Thursday, December 13, 2007

The U.S. Constitution Sucks, No Really




















Even as a bourgeois-democratic document, it really, really sucks. I'm talking about more than the obvious here: more than about how juridical and political "rights" don't impinge on economic society in the worlds richest country, more than about the institutionalization of only two parties, more than the observation that the commoner's House of Lords (the Senate) has more power than the legislature, more than the meaning of why it takes several more amendments 80 years after the first ten to establish that former slaves count as "humans" too and are candidates for "Human Rights" (and another 100 years to implement even those), and more than the two hundred other details that have become obvious in the last few years, such as the inability to recall a government except by criminal trial or coup.

I am talking about the fact that Bush has exposed the absolute power of the "presidency", a power hidden only because of the collusion of the major political parties for the entire life of the Republic. It appears that in this system, there are no limits whatever on the powers of the presidency save elections every 4 years (which would not have counted as "democracy" even in the 18th century), and the only reason that it even appeared that there were any such limits was exclusively the result of a voluntary super-constitutional etiquette practiced by the political participants but in no way enshrined in law. All it took was one asshole to show it all up.

Let me say it as controversially as possible - The constitution wasn't usurped, wasn't diluted, wasn't undermined; it was always like this.

Which means that the U.S. is governed by among the most primitive of current day political charters and that there is much less democracy here than in most recently established bullshit quasi-democracies, even by bourgeois standards... and this is said by someone who thinks that "democracy" don't mean shit, even when it's real.

The Constitution was a shitty document to start with, except if you're a plutocrat, so dissenting with Empire by using the very constructs of Empire in attempting to "change" the Empire is ludicrous on it's face.

From:
Steve Lendman

"The whole process we call a first-class historical event was, in fact, an entirely routine uninspiring political caucus producing no "prodigies of statecraft, no wonders of political (judgment), no vaulting philosophies, no Promethean vistas." Contradicting everything we've been "indoctrinated from ears to toes" to believe, the notion that the Constitution is "a document of salvation....a magic talisman," or a gift to the common man is pure fantasy.

The central achievement of the convention, and a big one (until the Civil War changed things), was the cobbling together of disparate and squabbling states into a union. It held together, tenuously at best, for over seven decades but not actually until Appomattox "at bayonet point." The convention succeeded in gaining formal approval for what the leading power figures wanted and then got it rammed through the state ratification process to become the law of the land."

1 comment:

Anonymous said...

Lendman's a little loose on the history. He and your readers should go back to the point of the Declaration of Independence and then examine that document first.

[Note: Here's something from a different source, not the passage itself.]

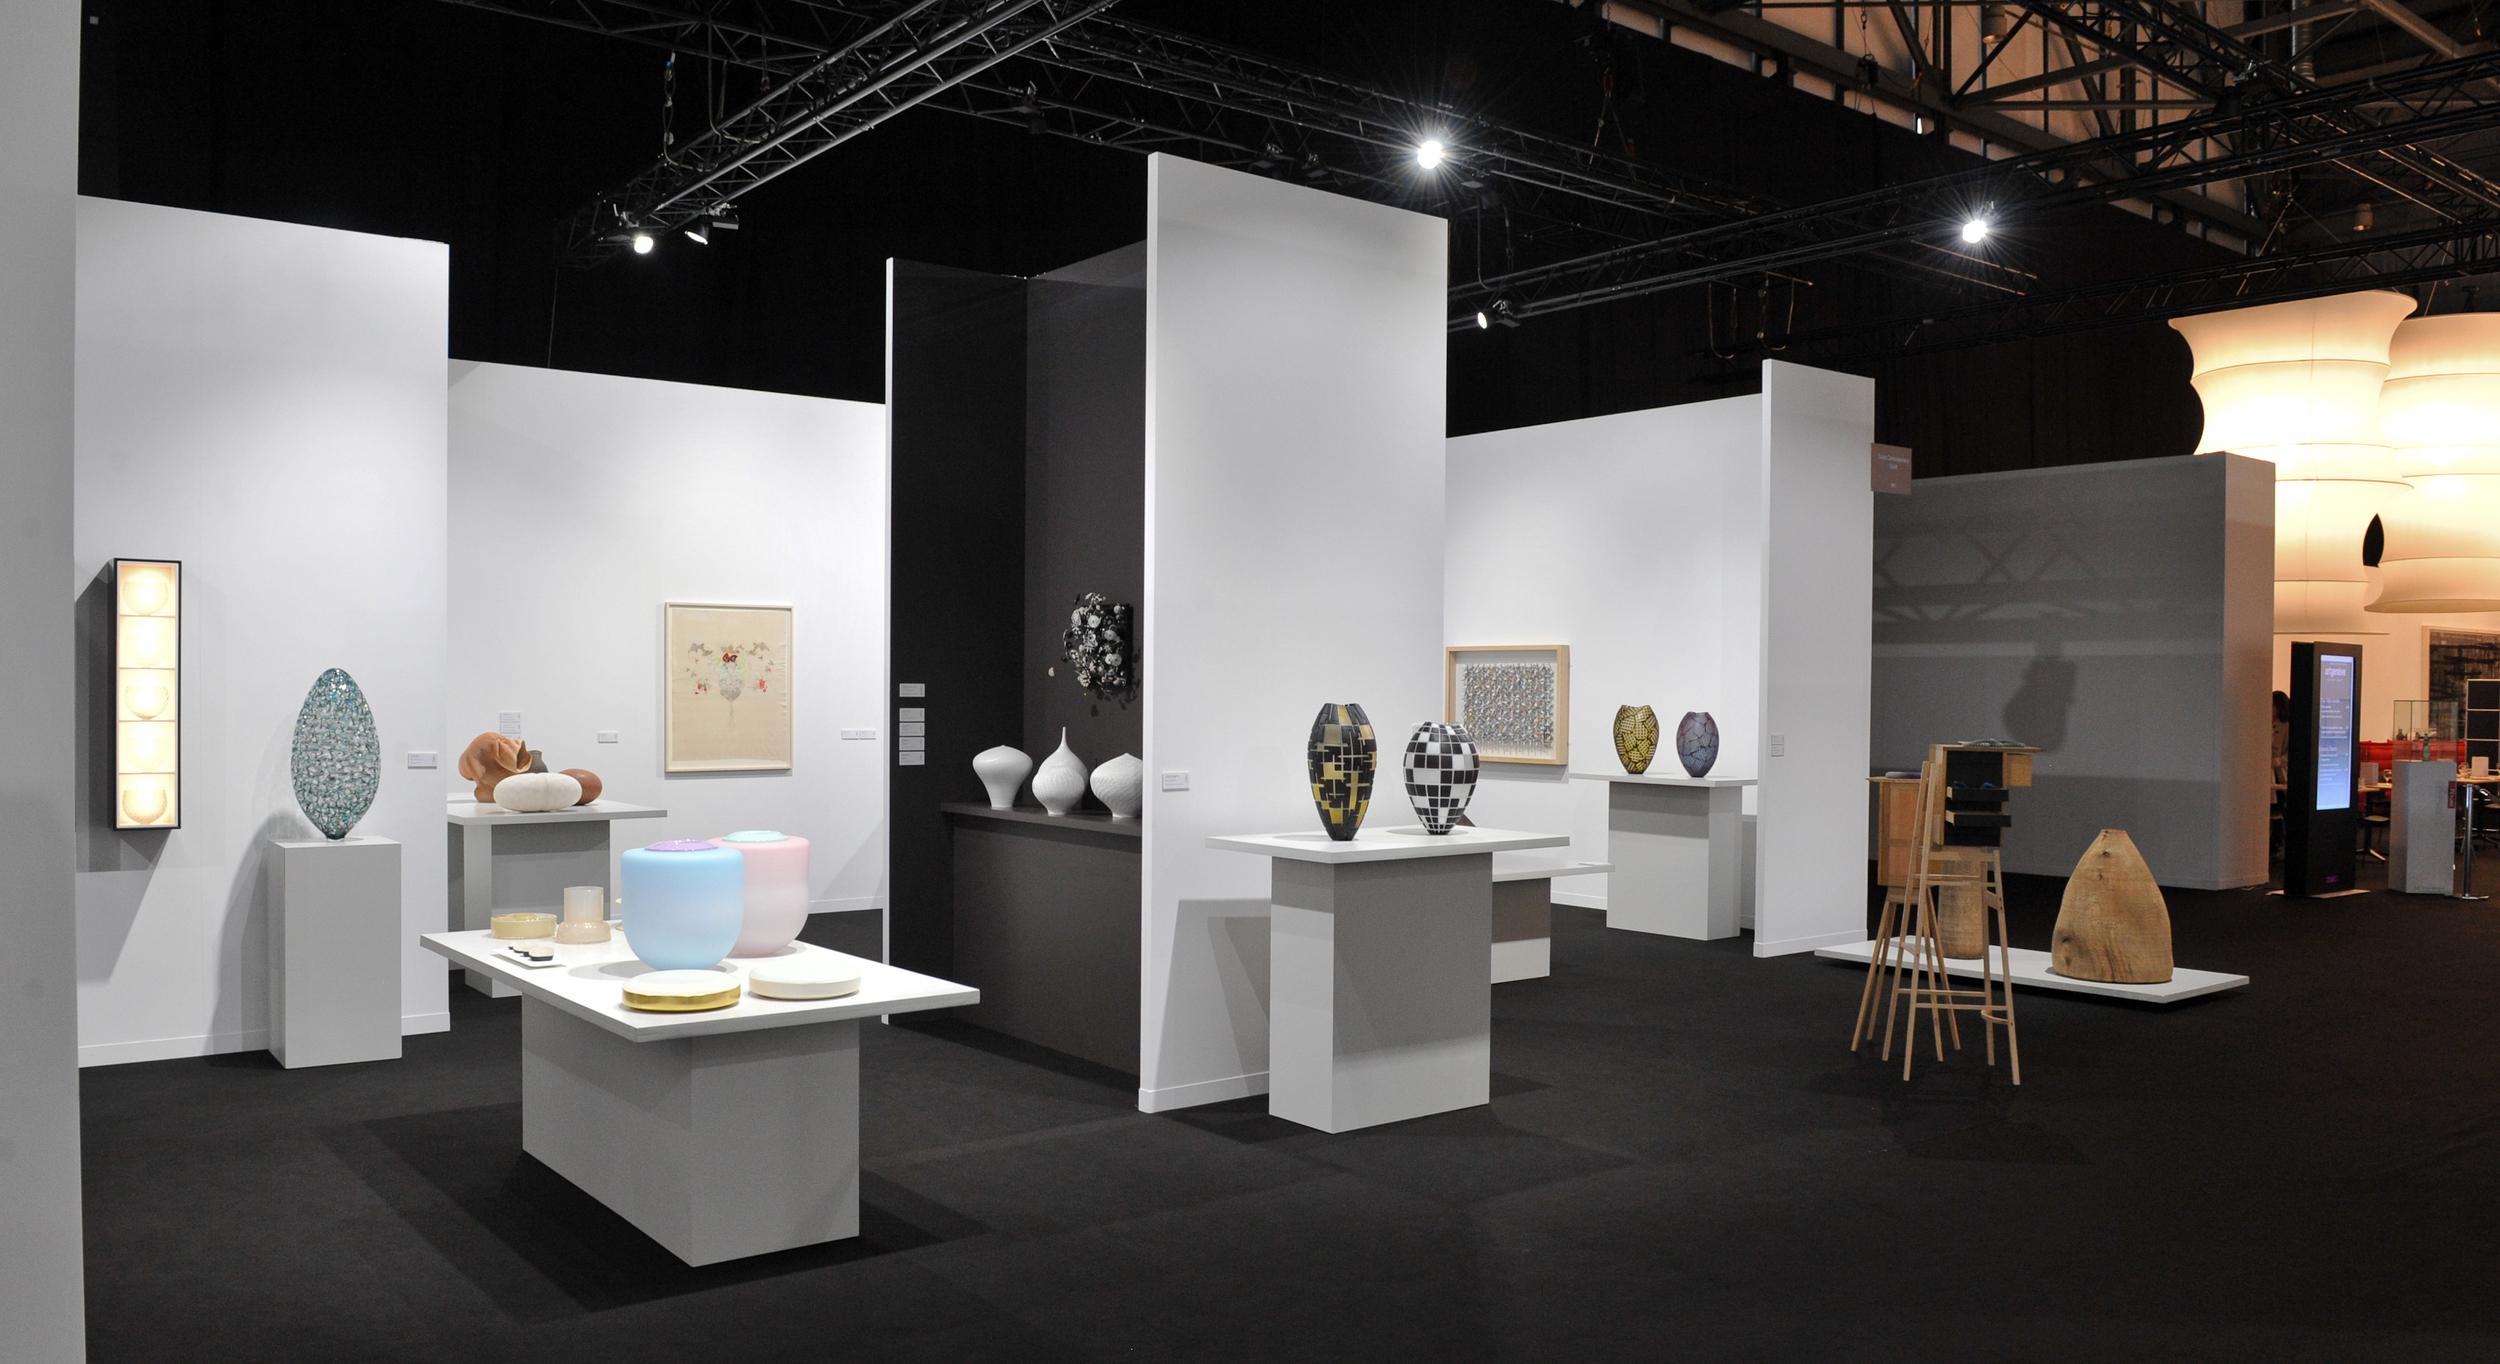 Taste contemporary craft at Art Genève 2015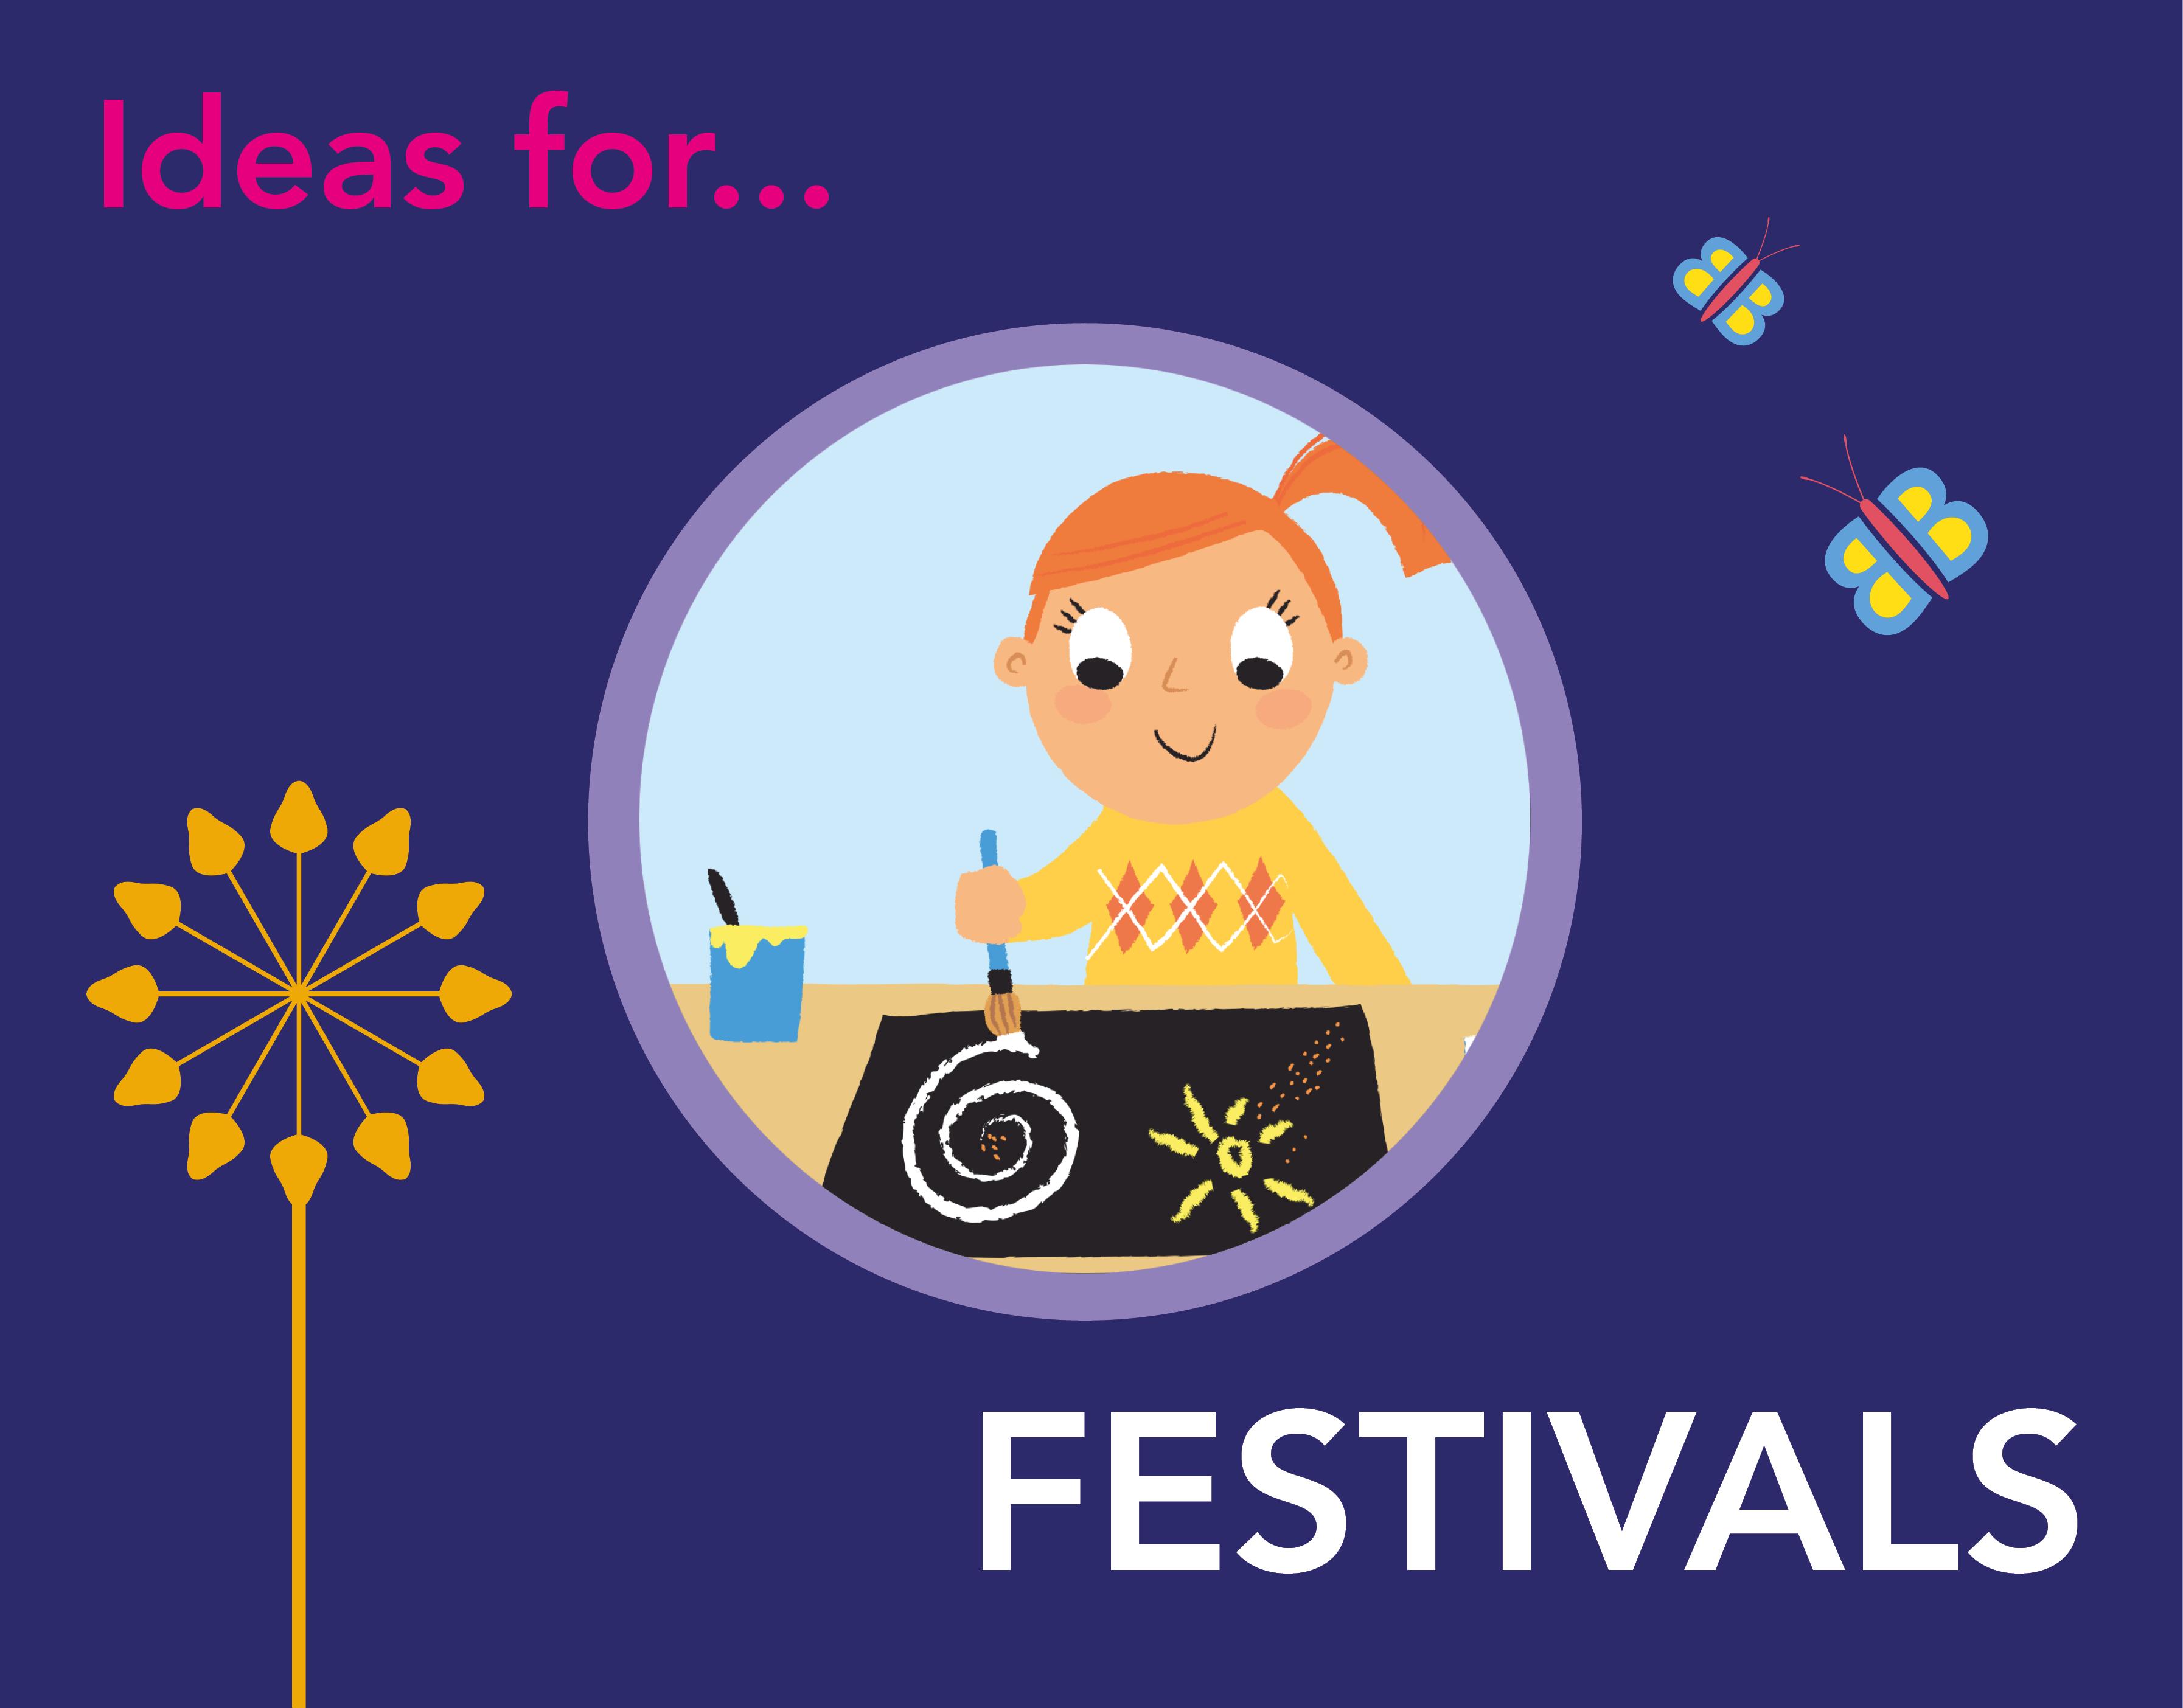 Ideas for Festivals

From there, Lendman and readers should examine the Articles of Confederation -- a document that most Americans do not even know about, a document that actually reflected the sentiments of the Declaration, a document that was thrown out like GARBAGE by the members of the Constitutional Convention.

The Constitution is a bastardization of the Articles. It expands the powers of the President, weakens the powers of the individual, and basically creates a plutocratic republic with no democratic principles observed or obeyed.

The apoycrypha regarding the Constitution's miraculous achievements are mistaken. The truly miraculous documents are the Declaration of Independence and the Articles of Confederation.

Read them some time. They're illuminating, and after you read them, you wonder how we got to where we are today.

The answer is, the richest men then in America didn't like the democratic impulses of the Declaration and the Articles. They wanted more control over the nascent federal government.